What to do: Everything from the line holding "Saint-Petersburg Love My City" to the last line of the material below must be retyped exactly, minus any pictures.

─── Supplied data

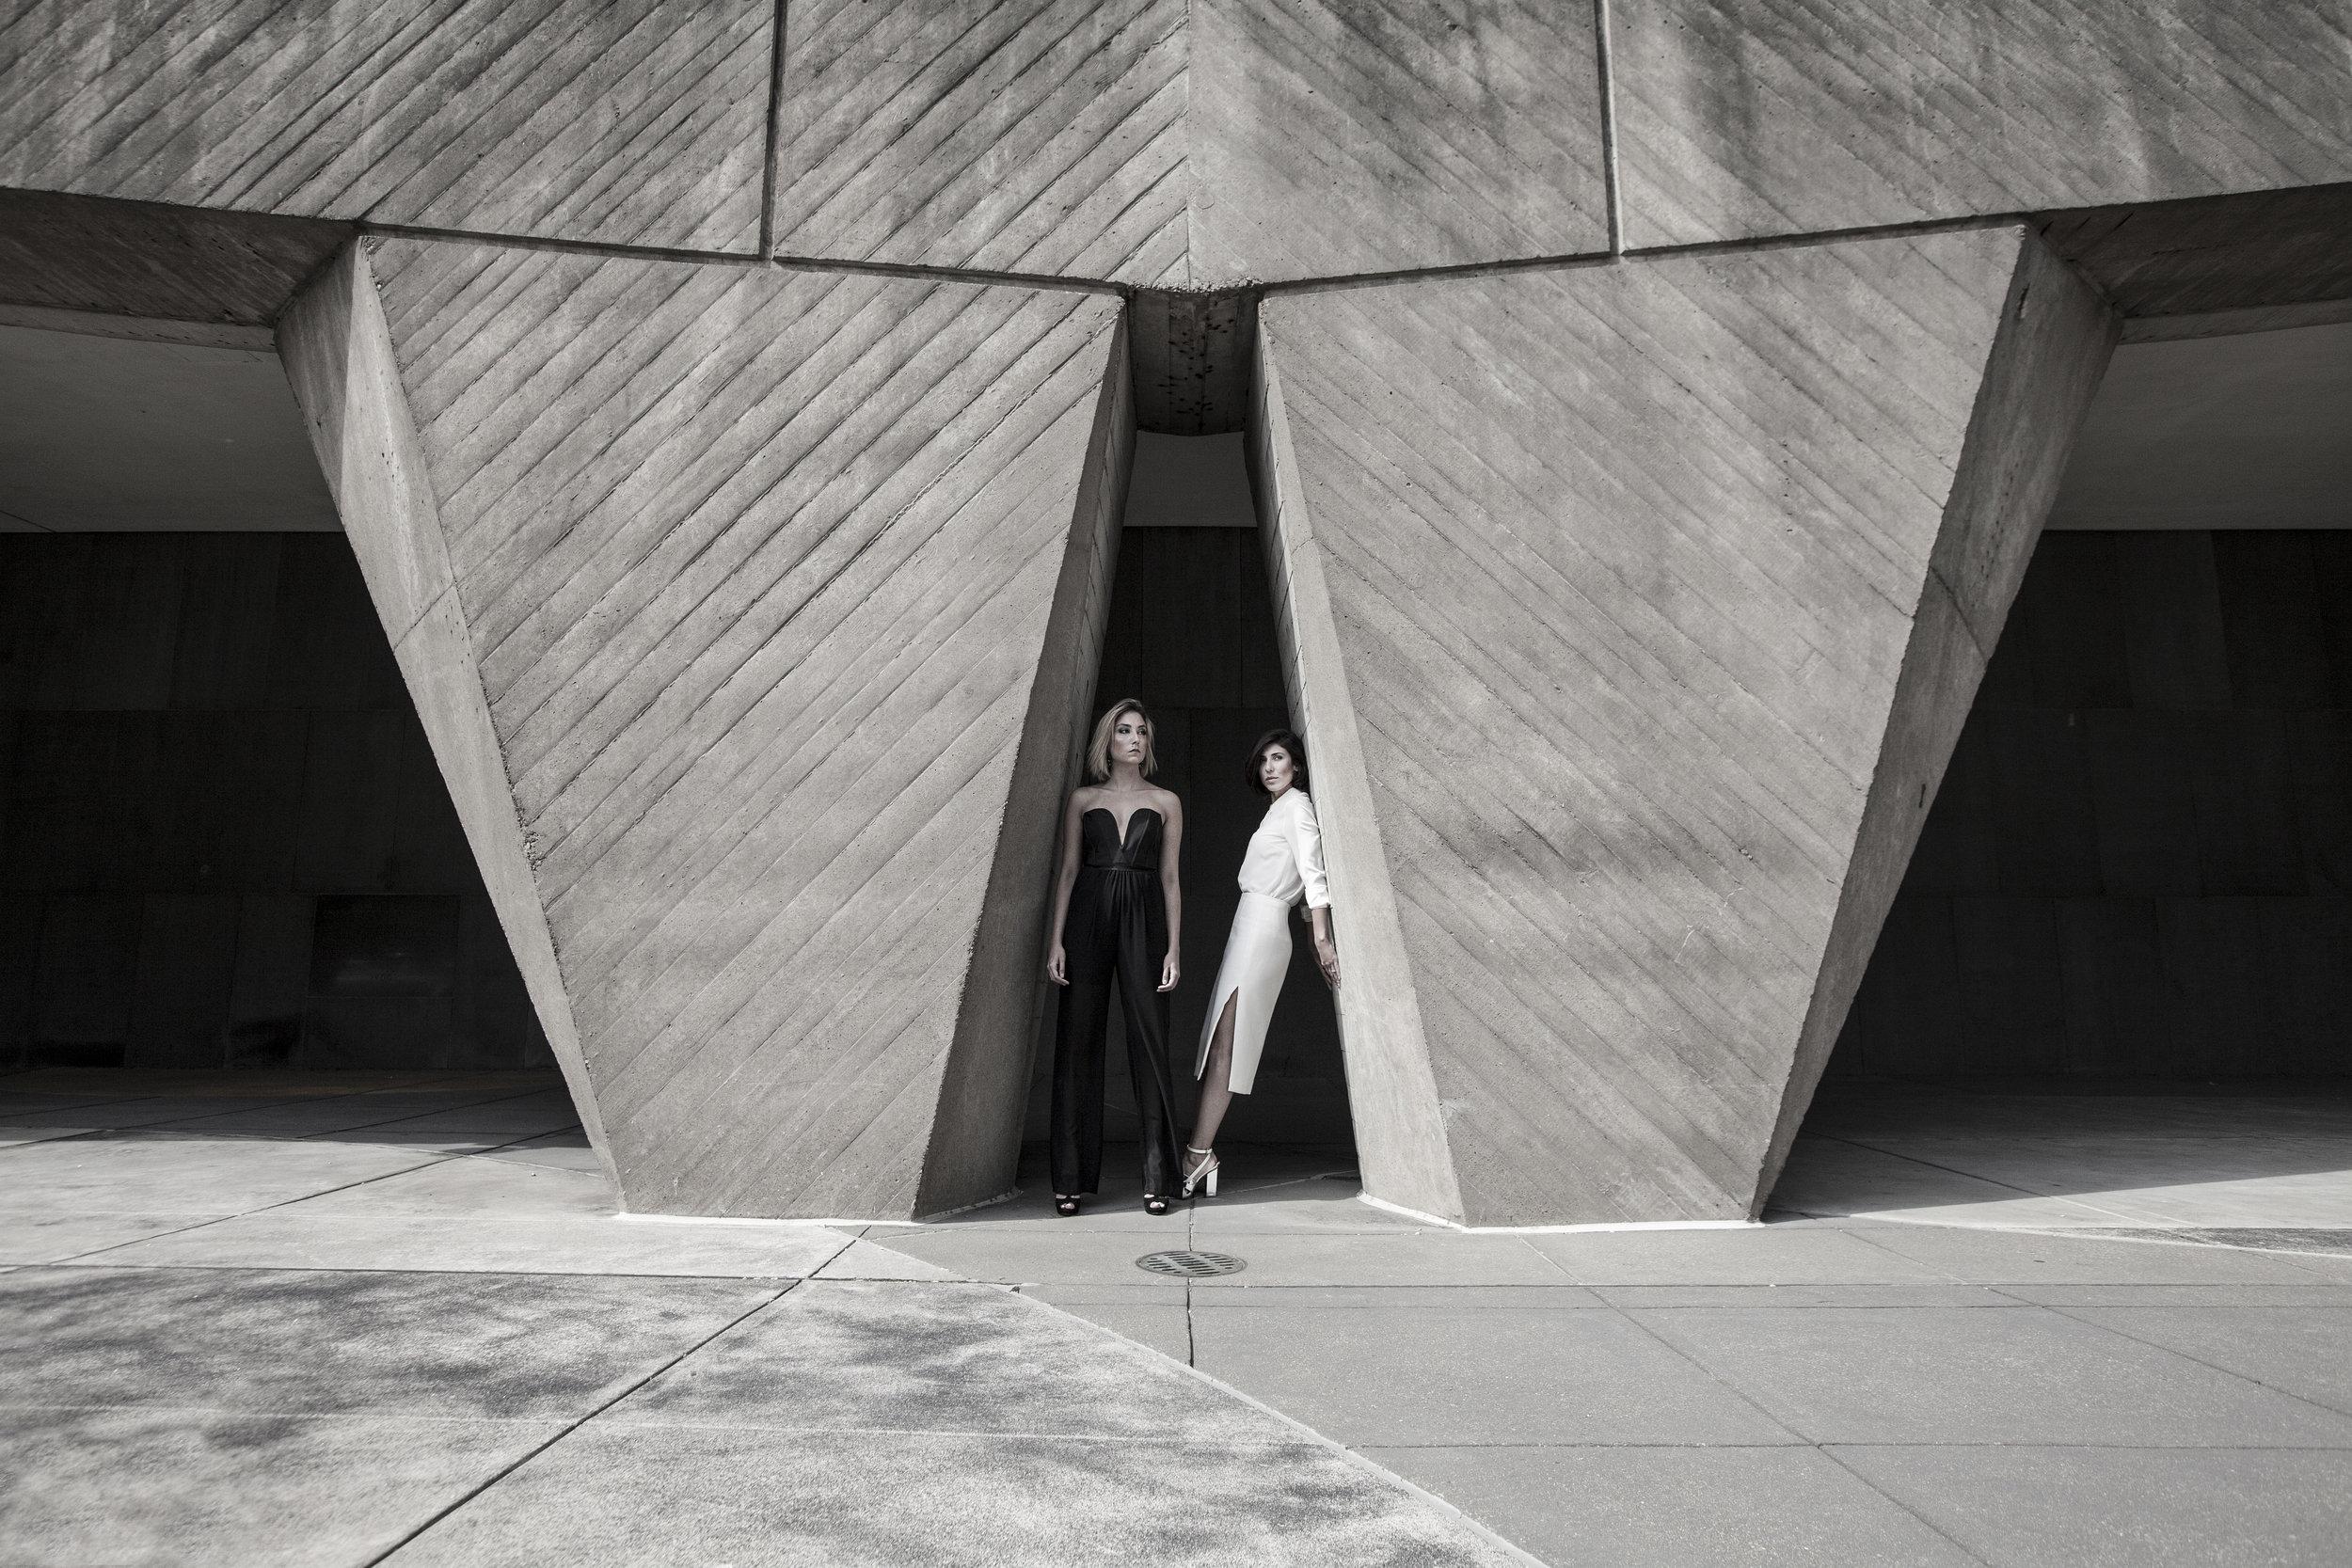 lifestyle-editorial-washington-dc-malek-naz-photography-fashion-model-housing-department.jpg
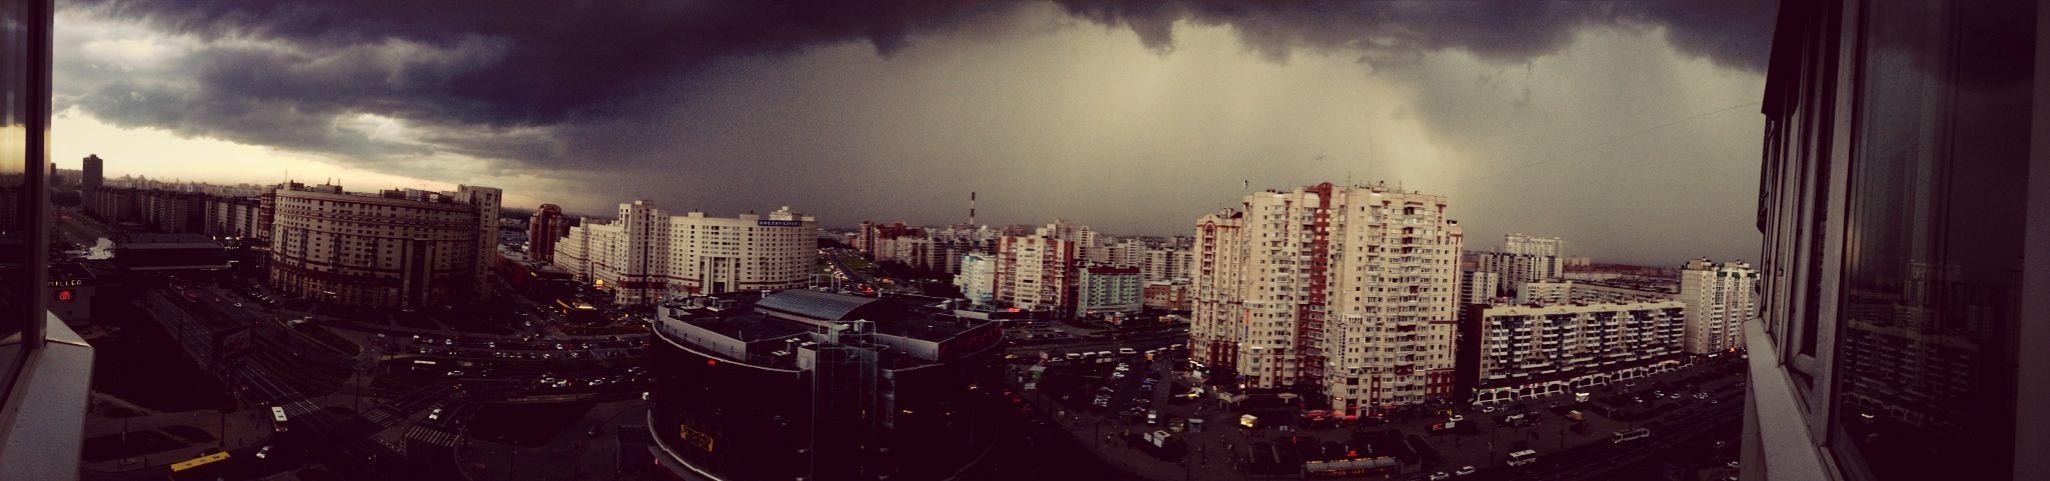 Saint-Petersburg Love My City
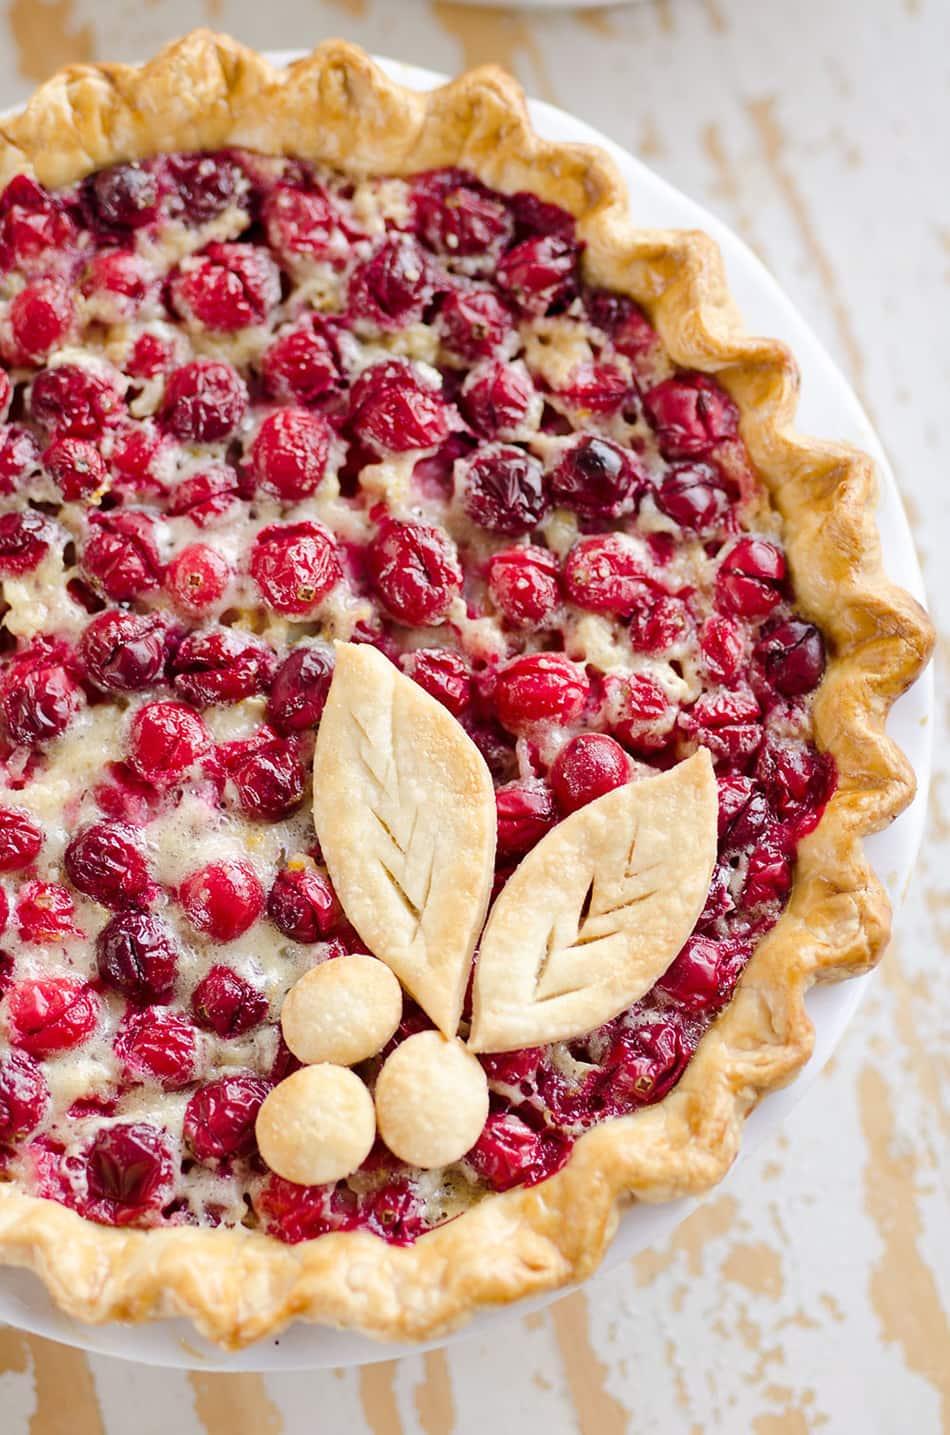 Cranberry Orange Custard Pie | The Creative Bite

──────

Written answer:
 Saint-Petersburg Love My City
 Cranberry Orange Custard Pie | The Creative Bite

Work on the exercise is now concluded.